**GIVEN DATA**
---

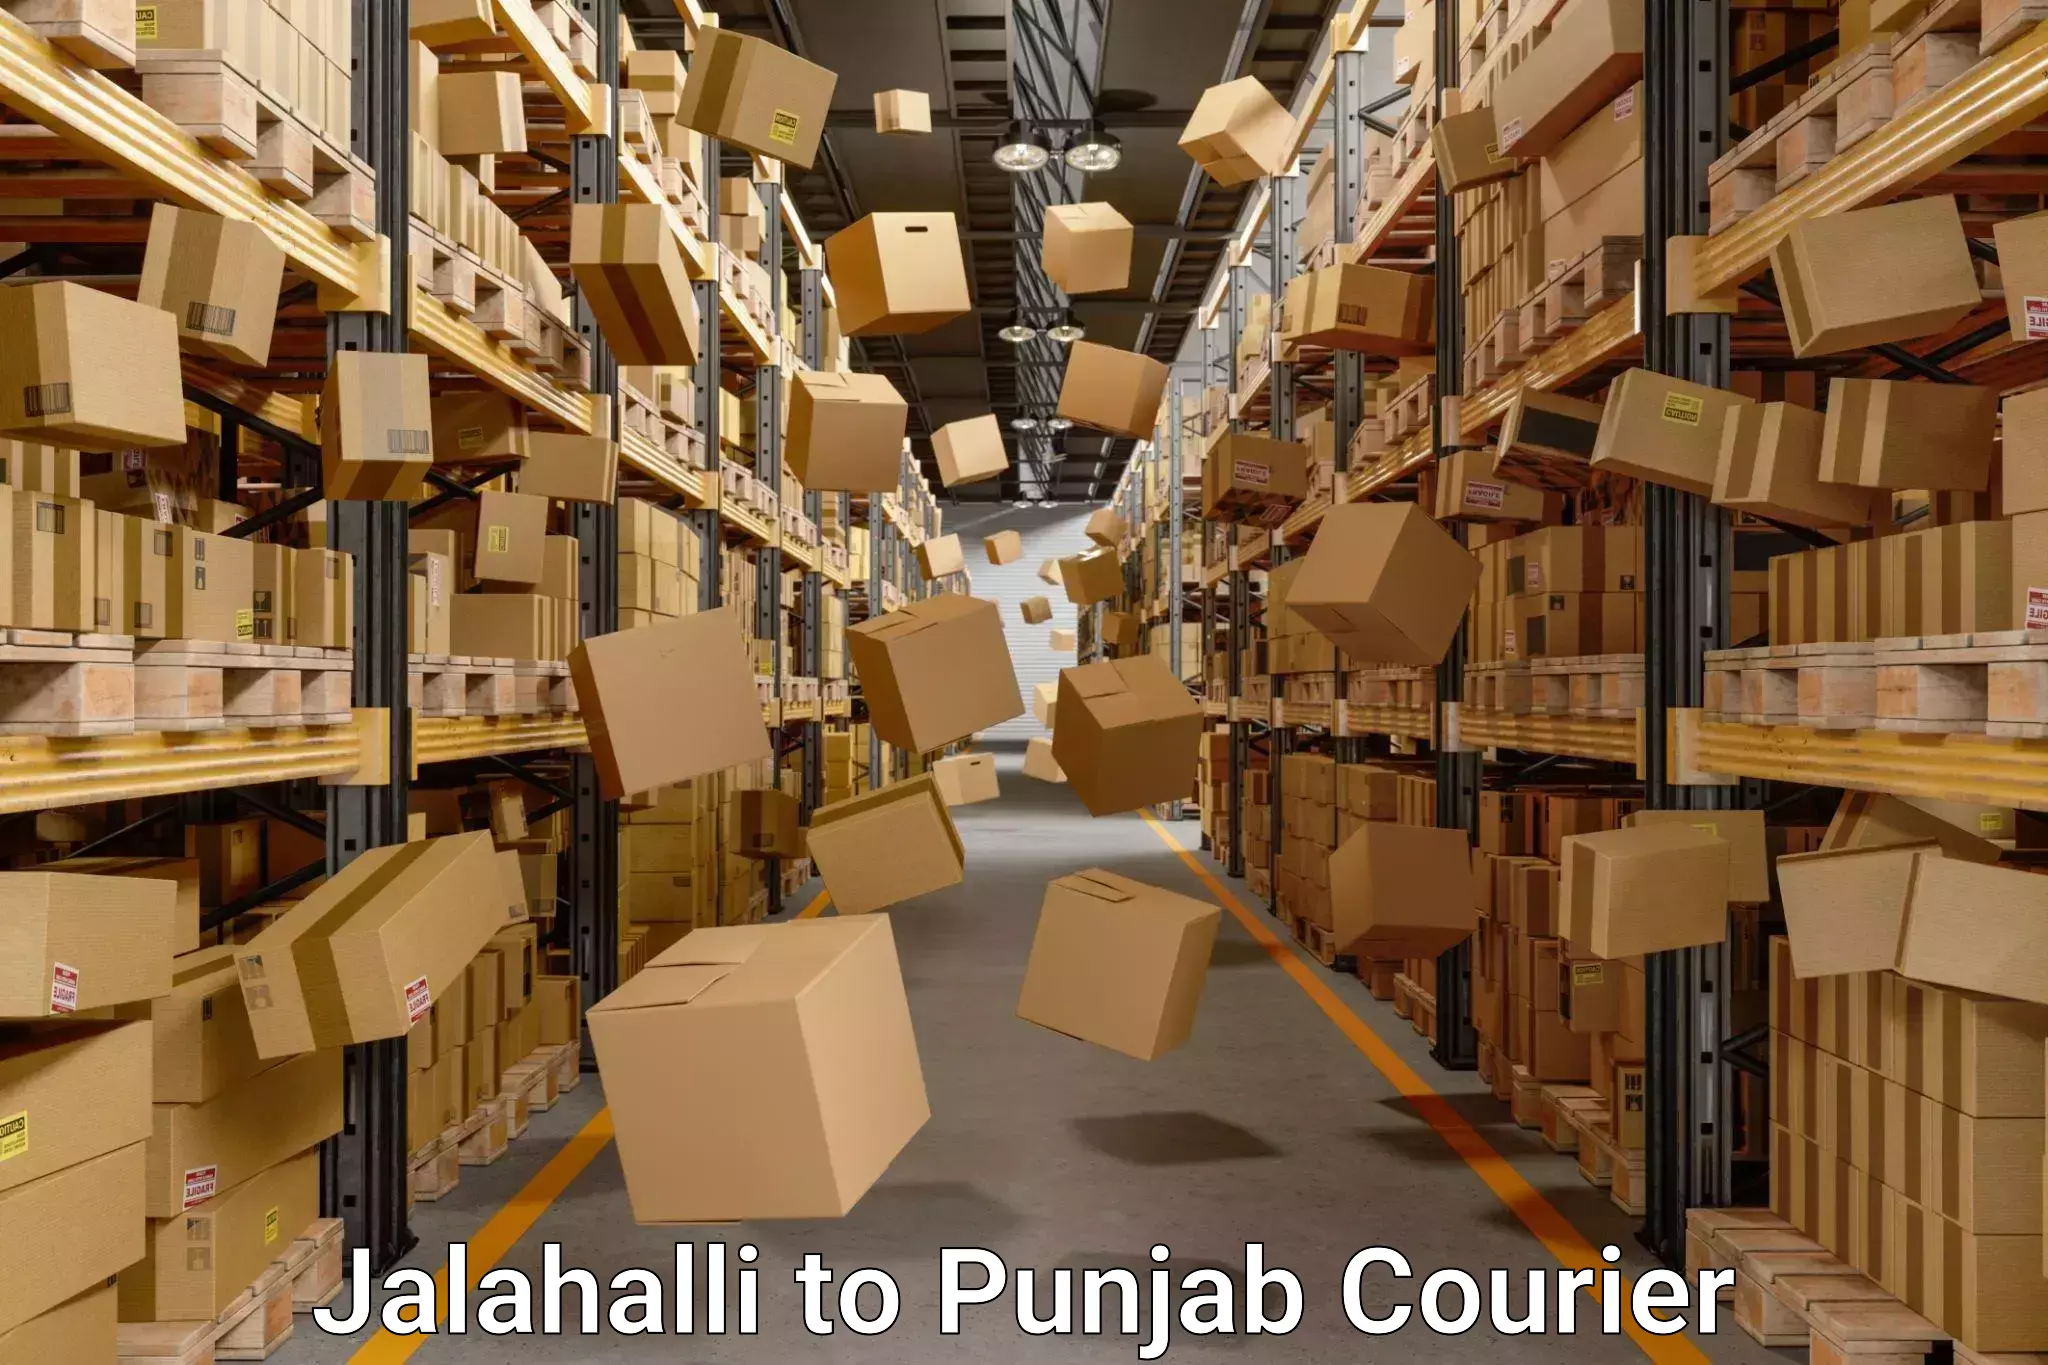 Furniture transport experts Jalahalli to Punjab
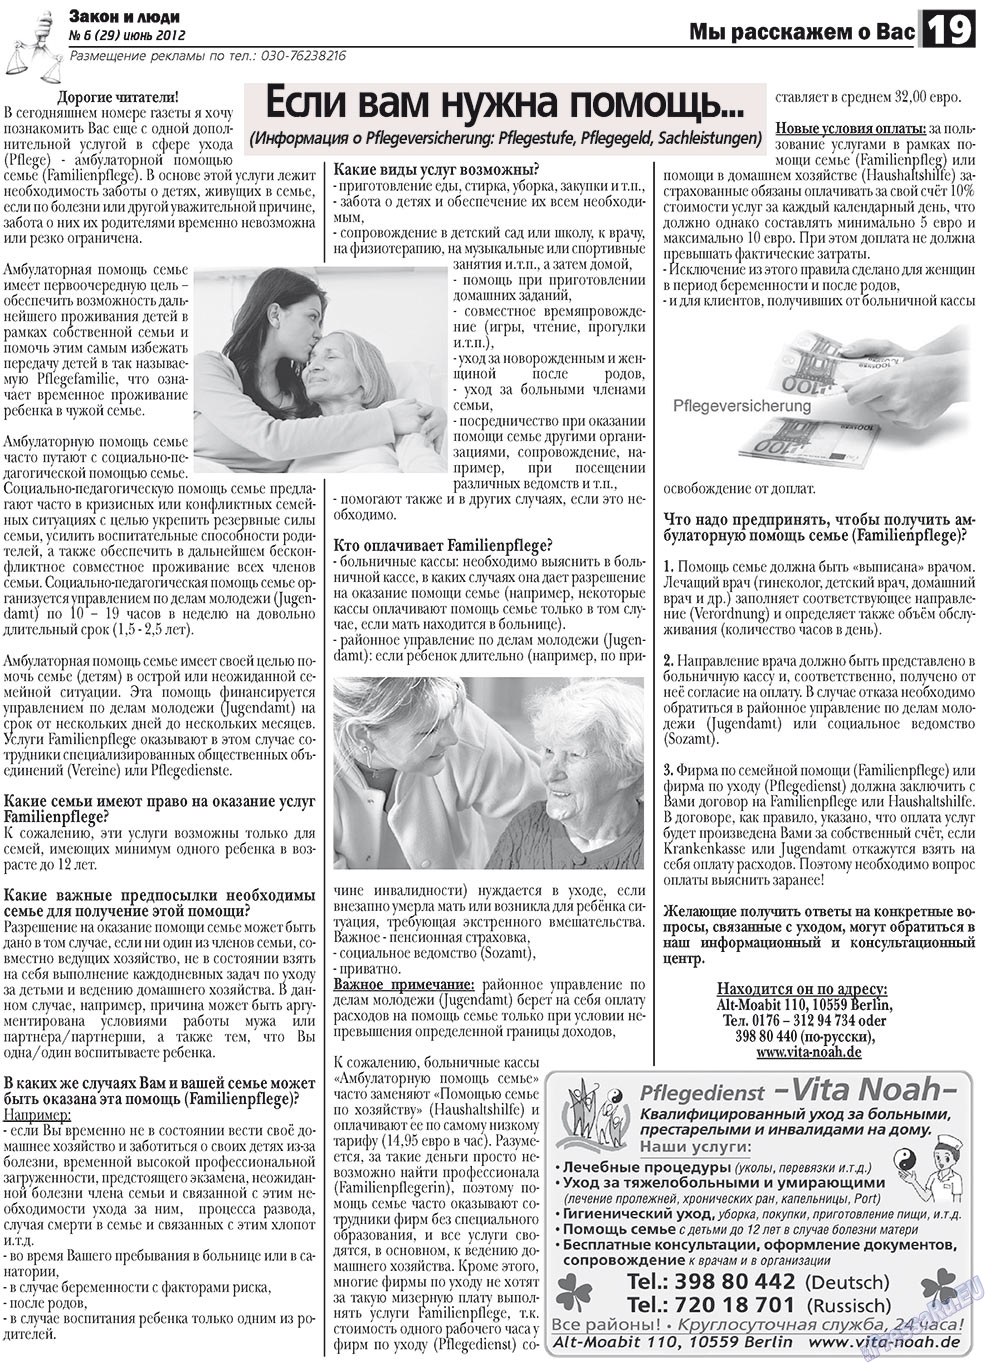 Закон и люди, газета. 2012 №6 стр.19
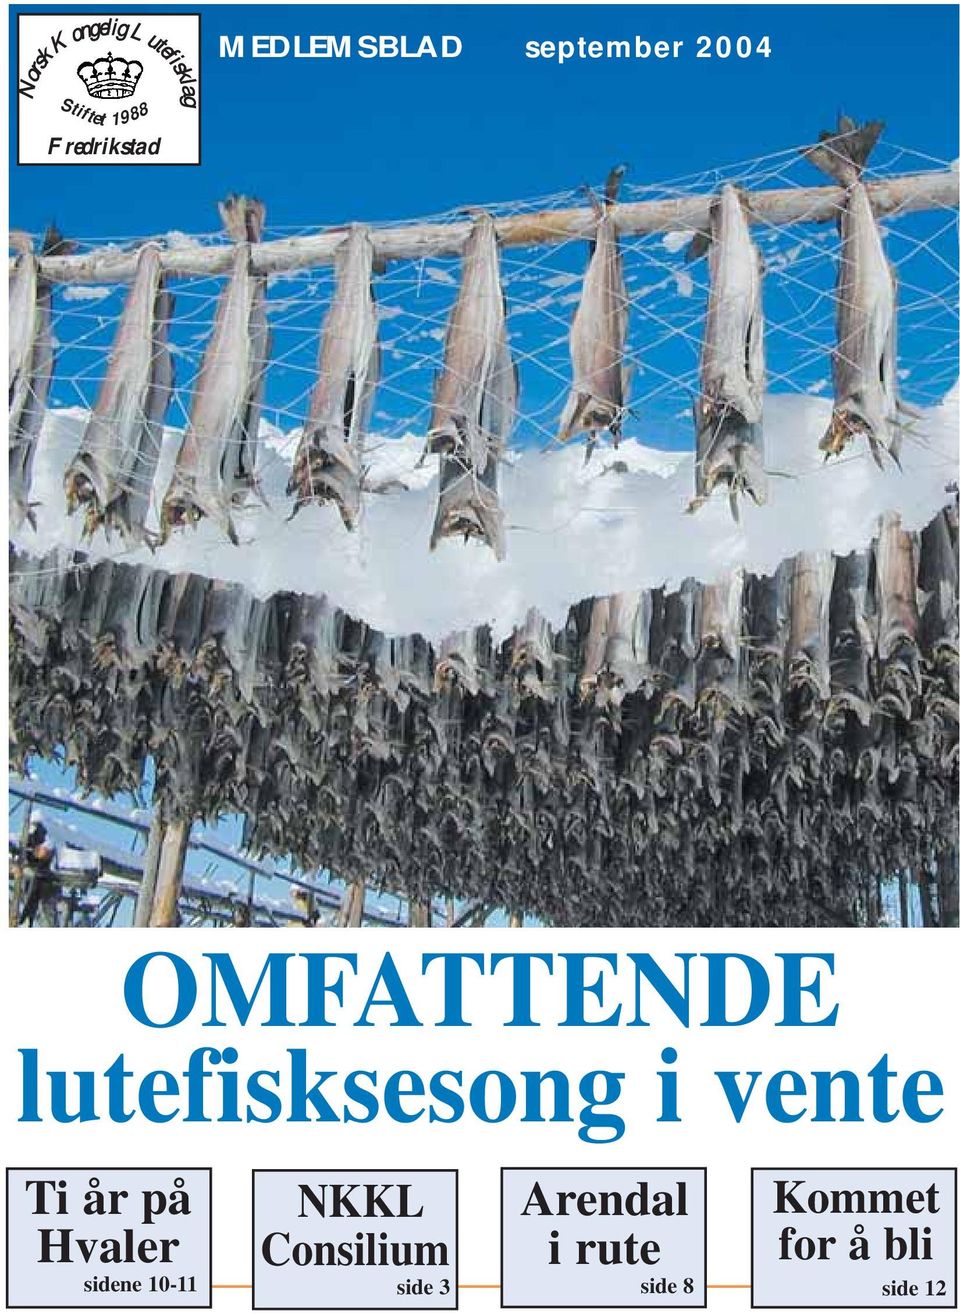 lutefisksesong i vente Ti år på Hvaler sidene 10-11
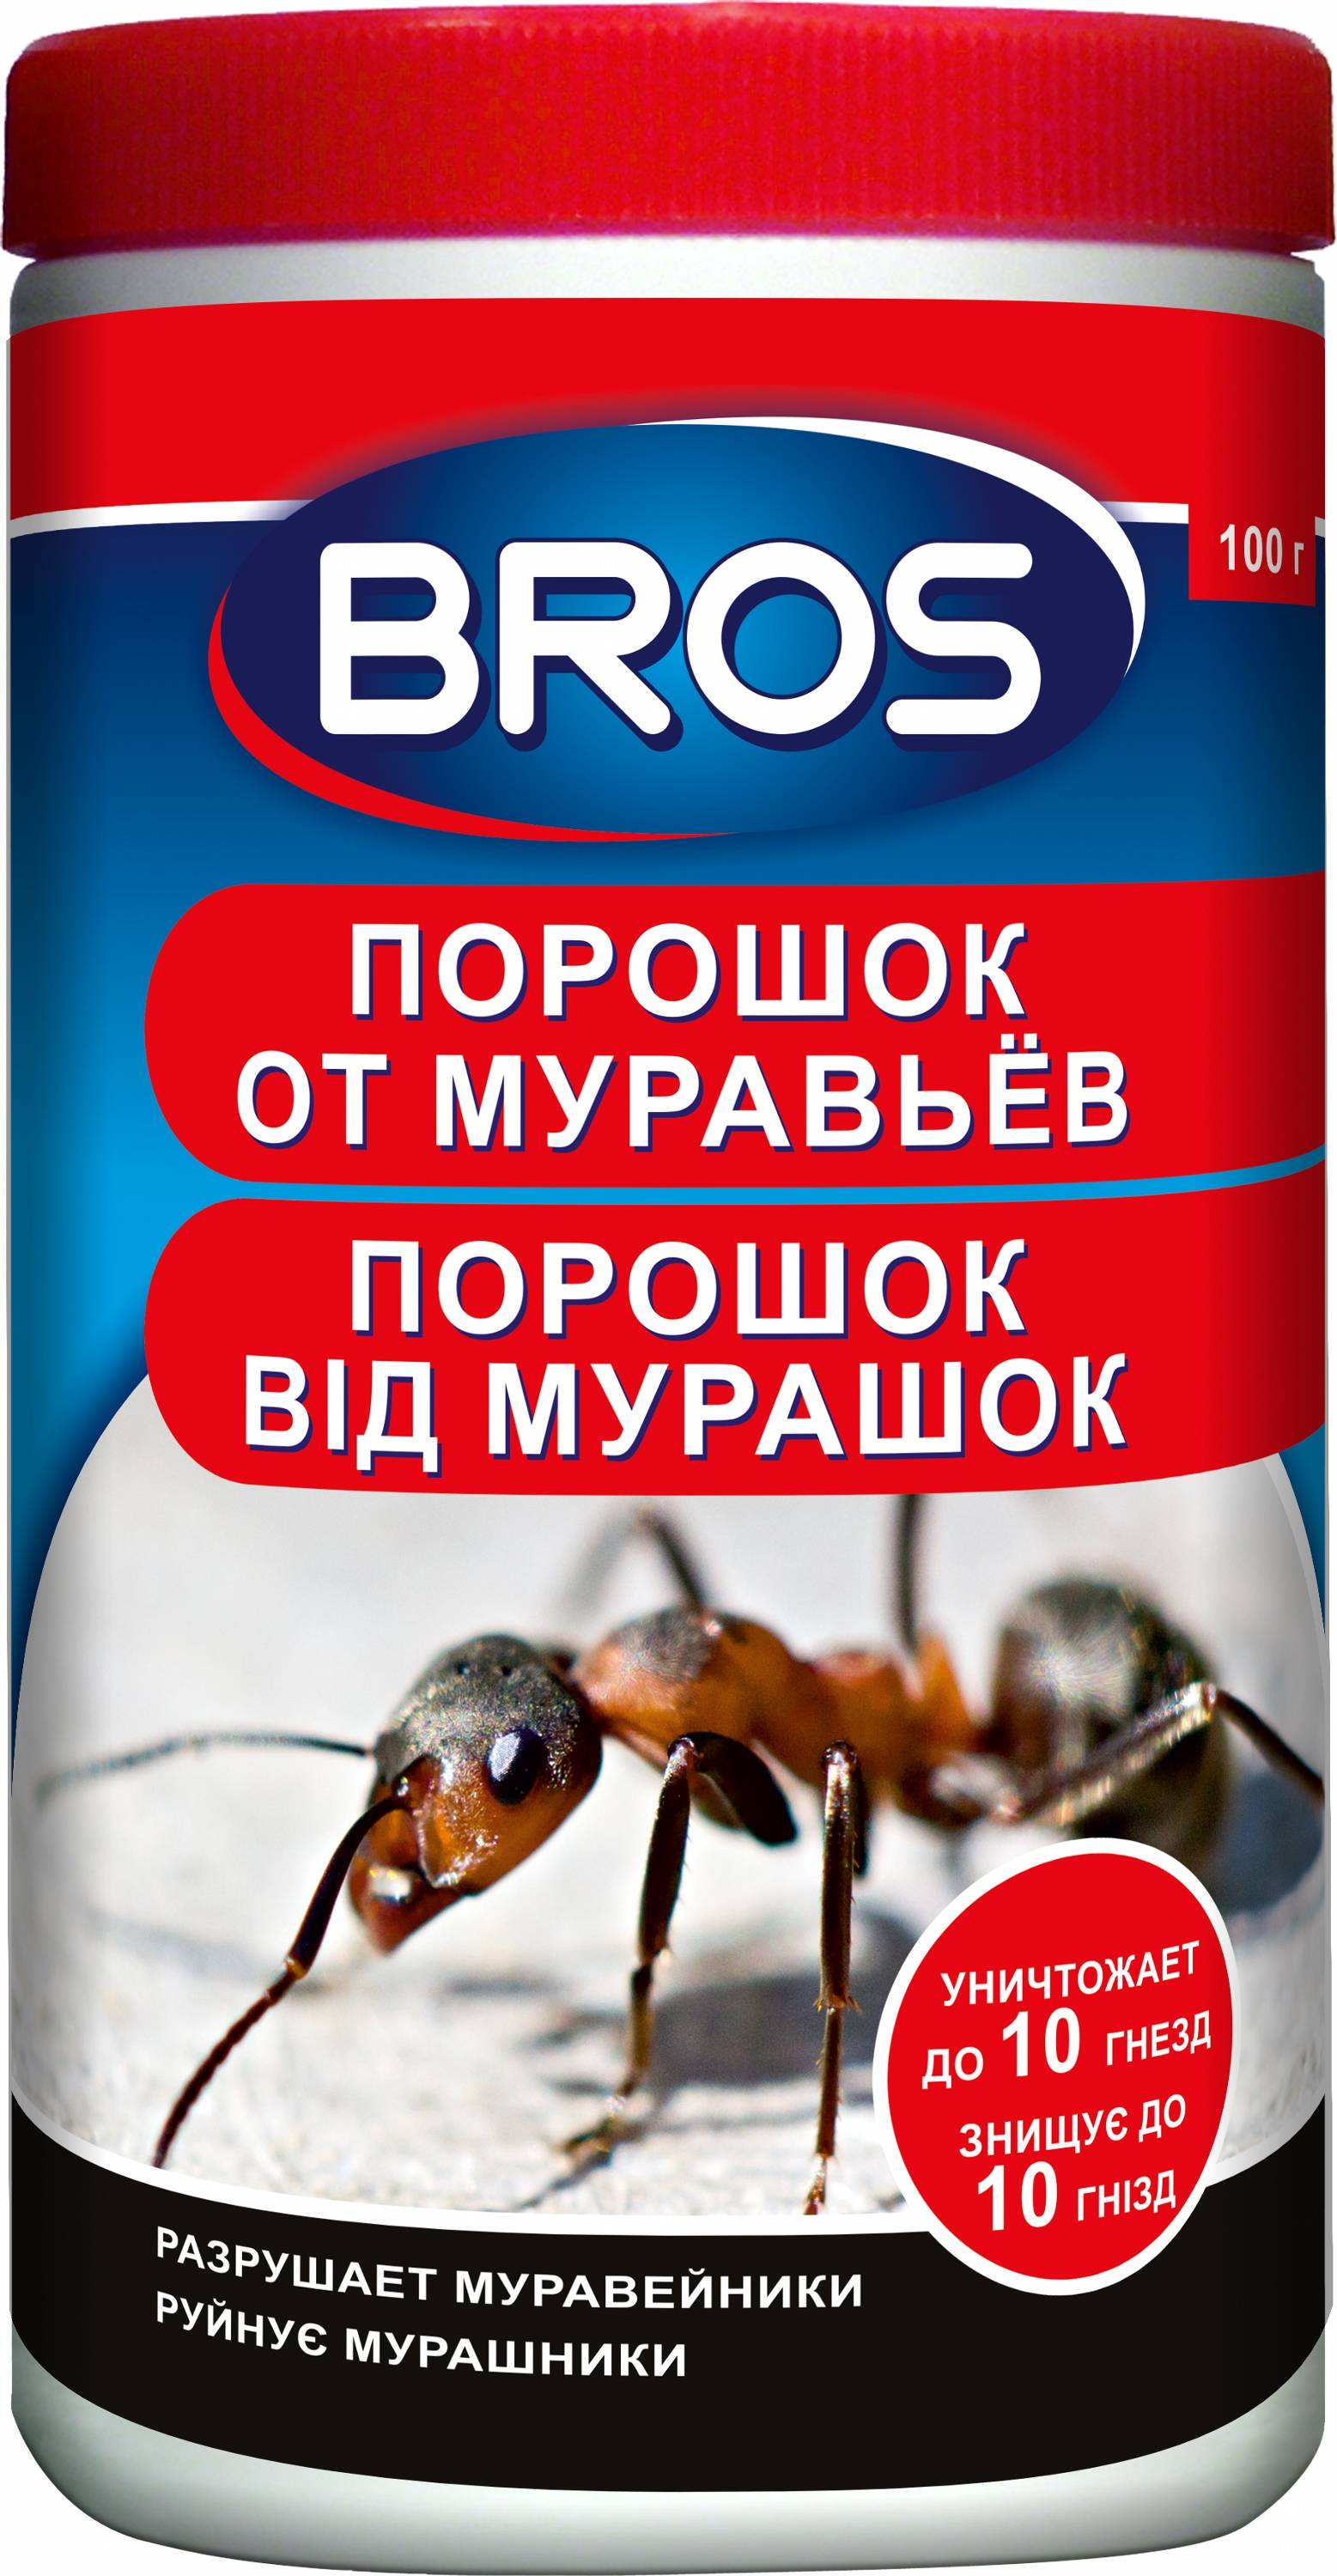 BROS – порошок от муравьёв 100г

---

**TASK TO CARRY OUT**
Print the listing again exactly as it appears, except for the pictures, which stay out.

**SOLUTION TO THIS TASK**
 Furniture transport experts Jalahalli to Punjab
 Закон и люди, газета. 2012 №6 стр.19
 lutefisksesong i vente Ti år på Hvaler sidene 10-11
 BROS – порошок от муравьёв 100г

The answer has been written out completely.